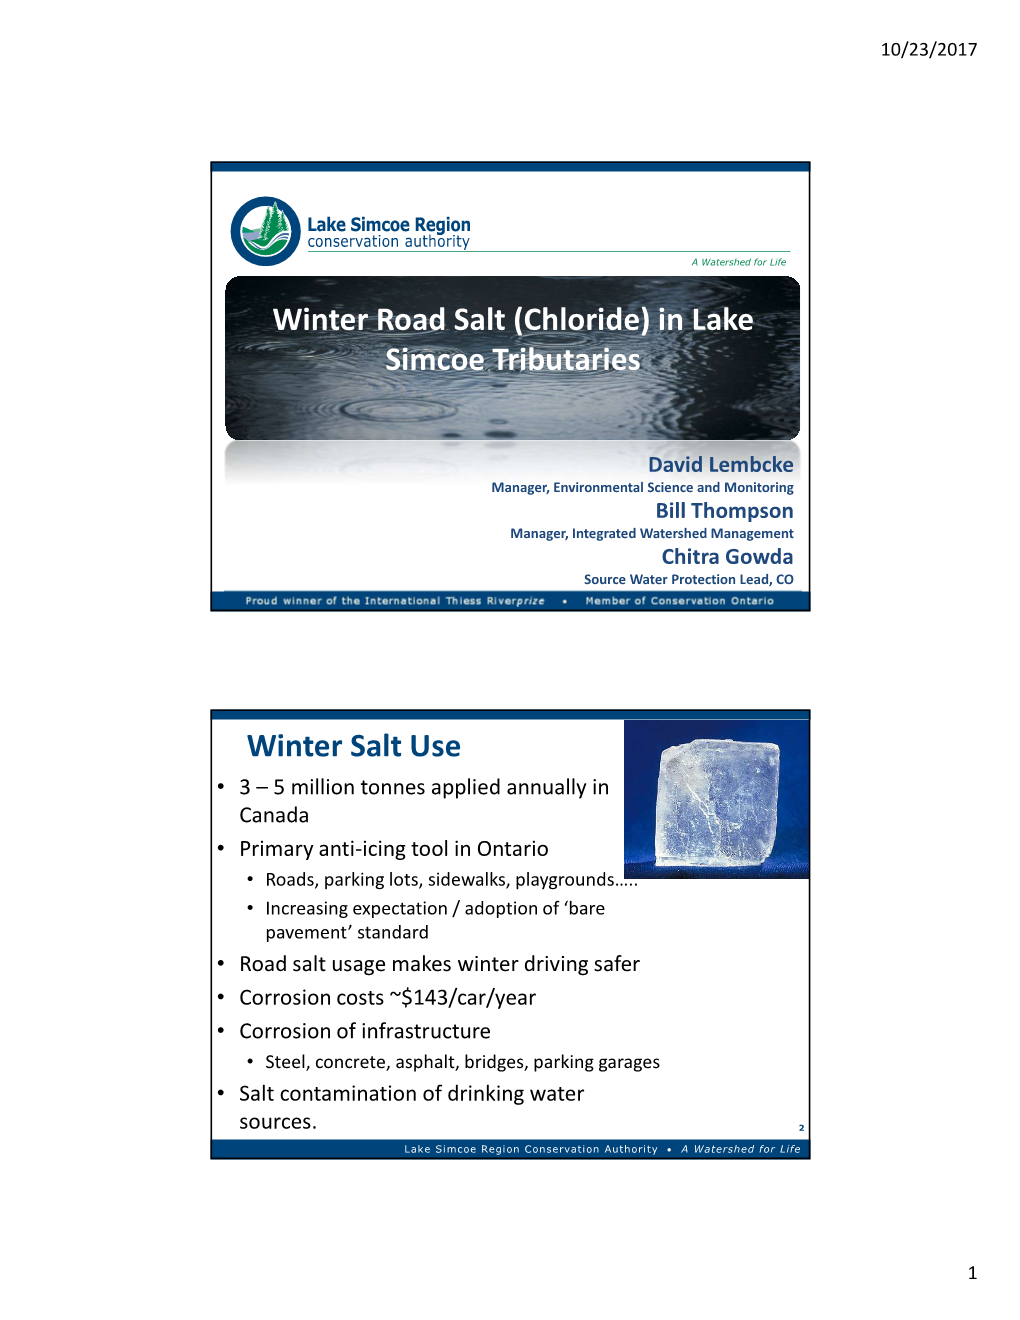 Winter Road Salt (Chloride) in Lake Simcoe Tributaries Winter Salt
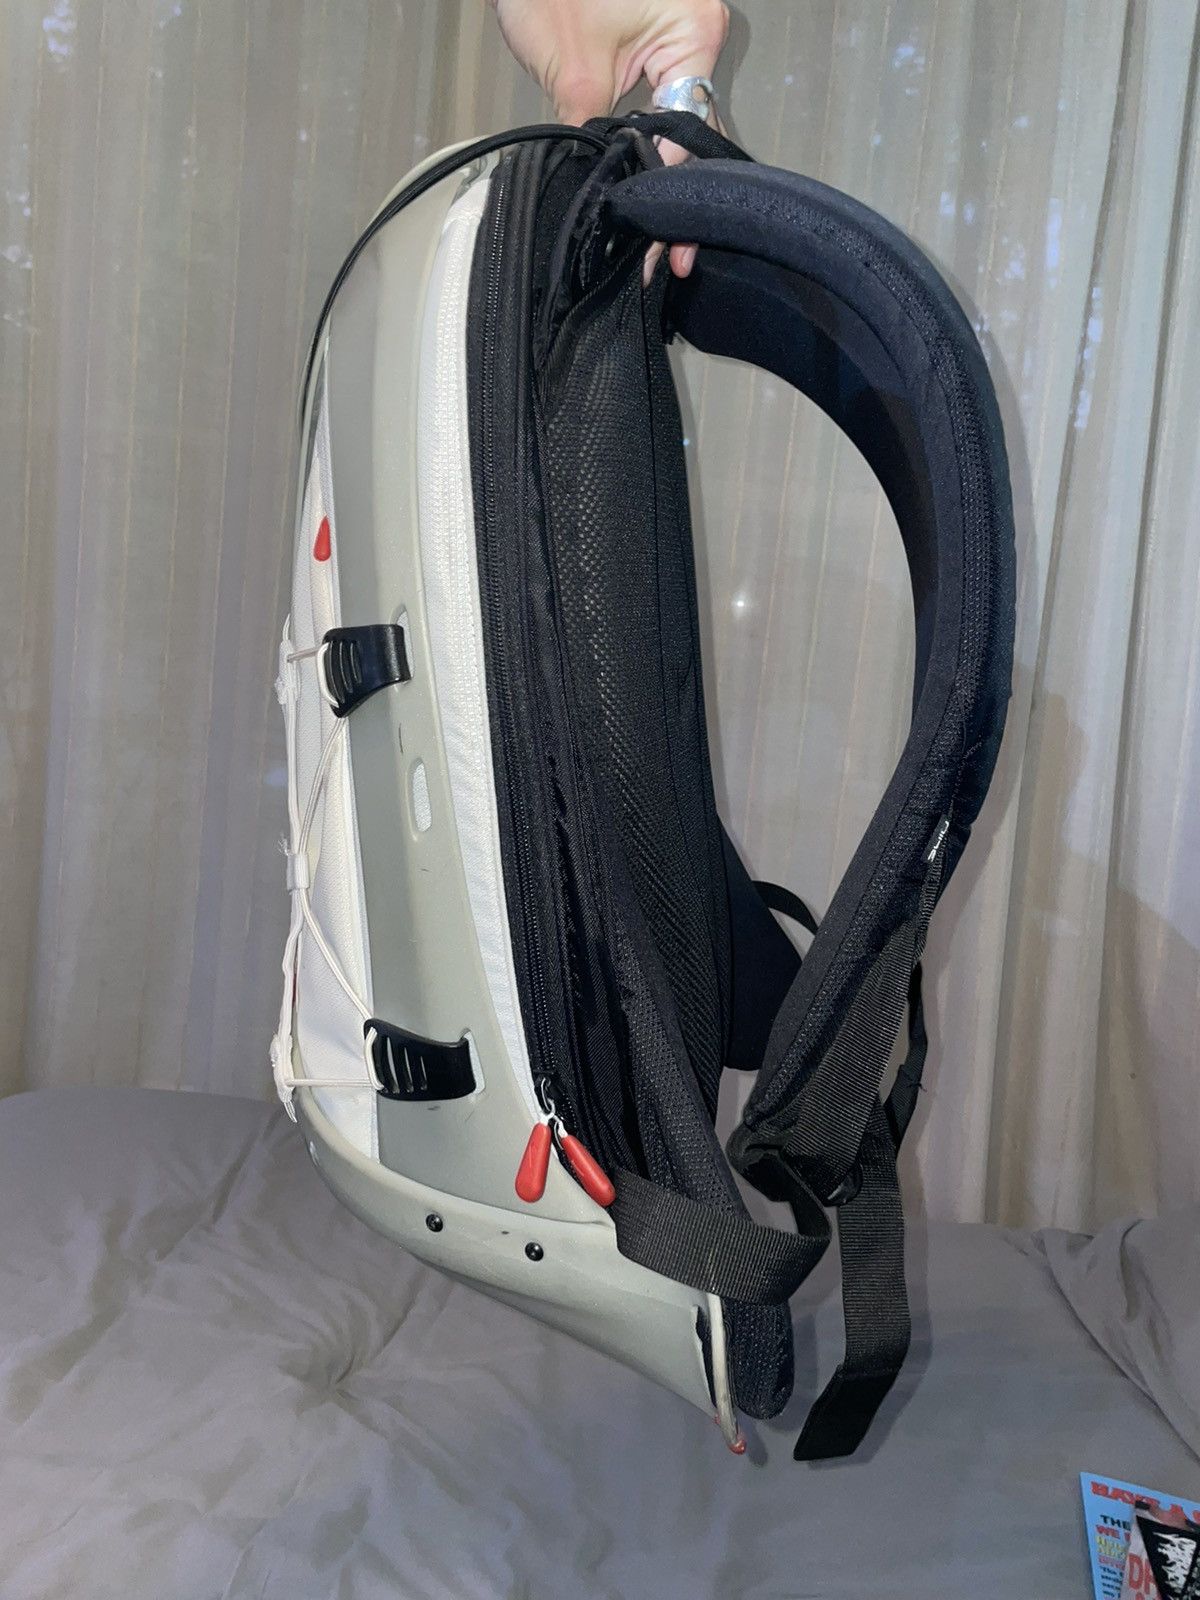 Nike Nike Epic Hard Case Backpack | Grailed
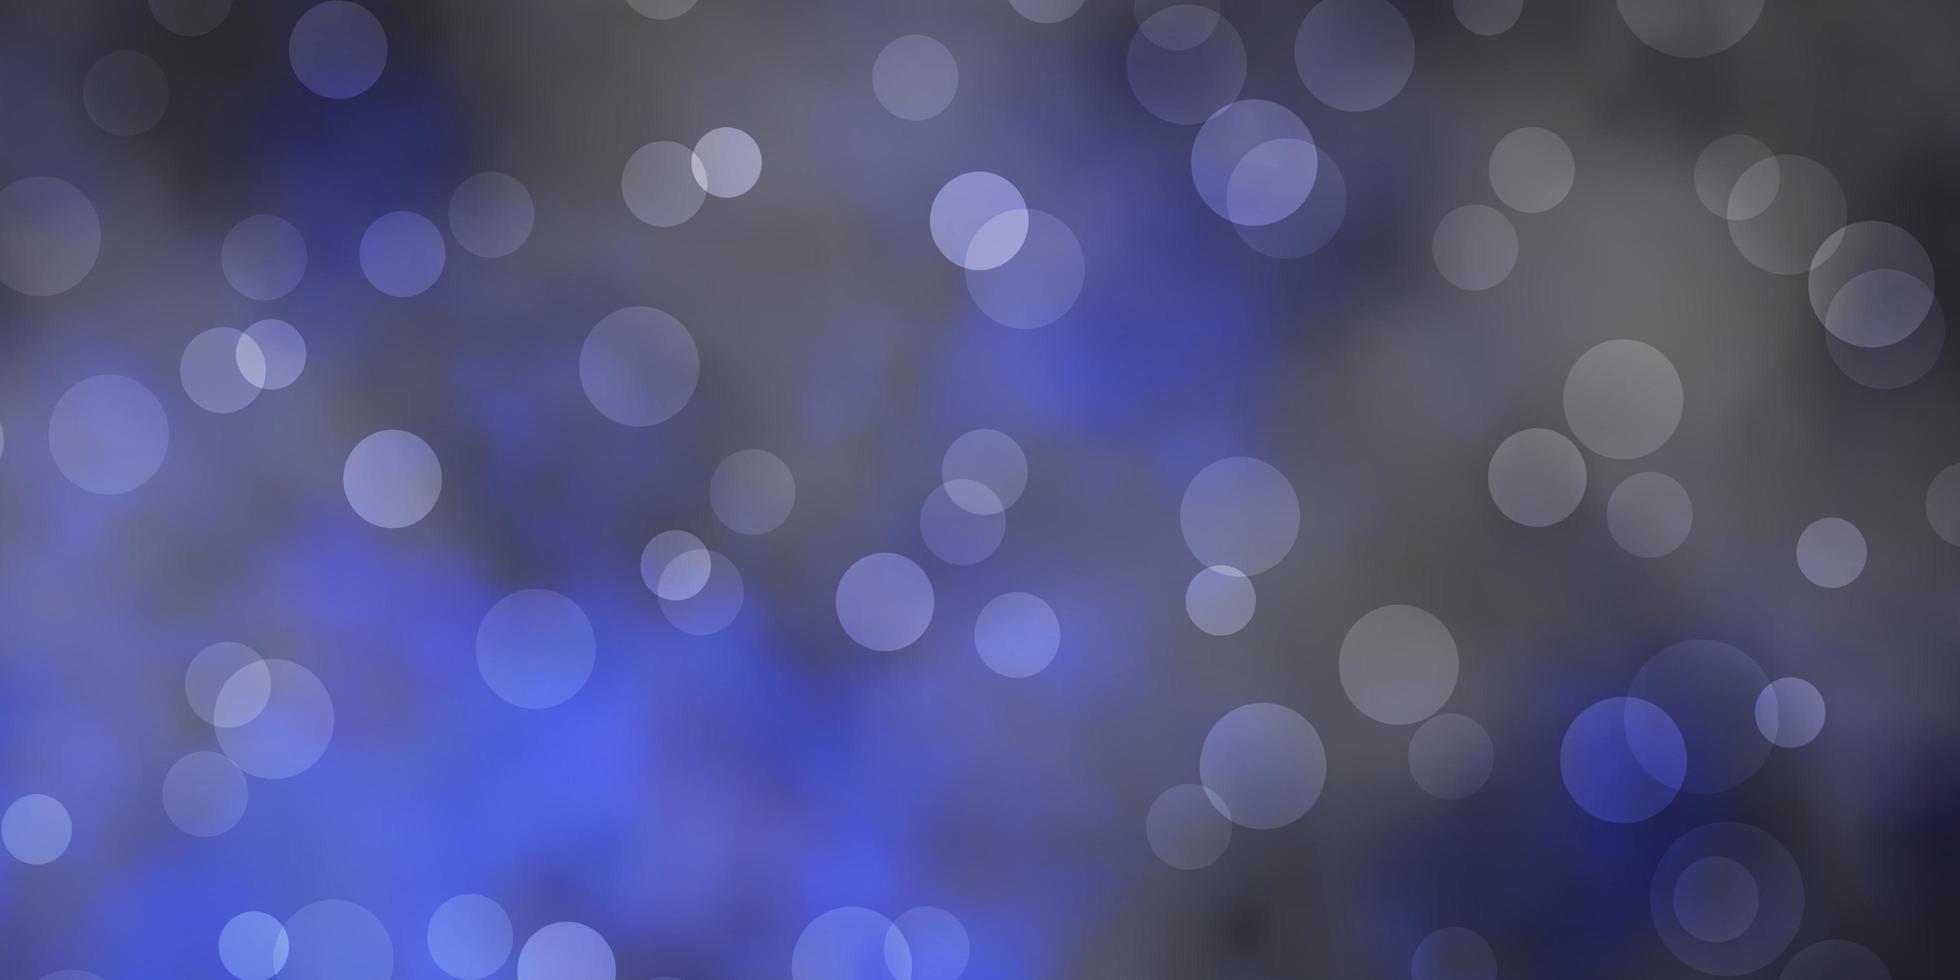 textura de vector azul oscuro con círculos. Ilustración abstracta moderna con formas circulares de colores. patrón para fondos de pantalla, cortinas.

WHAT THE TASK REQUIRES:
Every line above should be copied exactly, apart from any pictures.

YOUR SOLUTION:
 Winter Road Salt (Chloride) in Lake Simcoe Tributaries Winter Salt
 Nike Nike Epic Hard Case Backpack | Grailed
 textura de vector azul oscuro con círculos. Ilustración abstracta moderna con formas circulares de colores. patrón para fondos de pantalla, cortinas.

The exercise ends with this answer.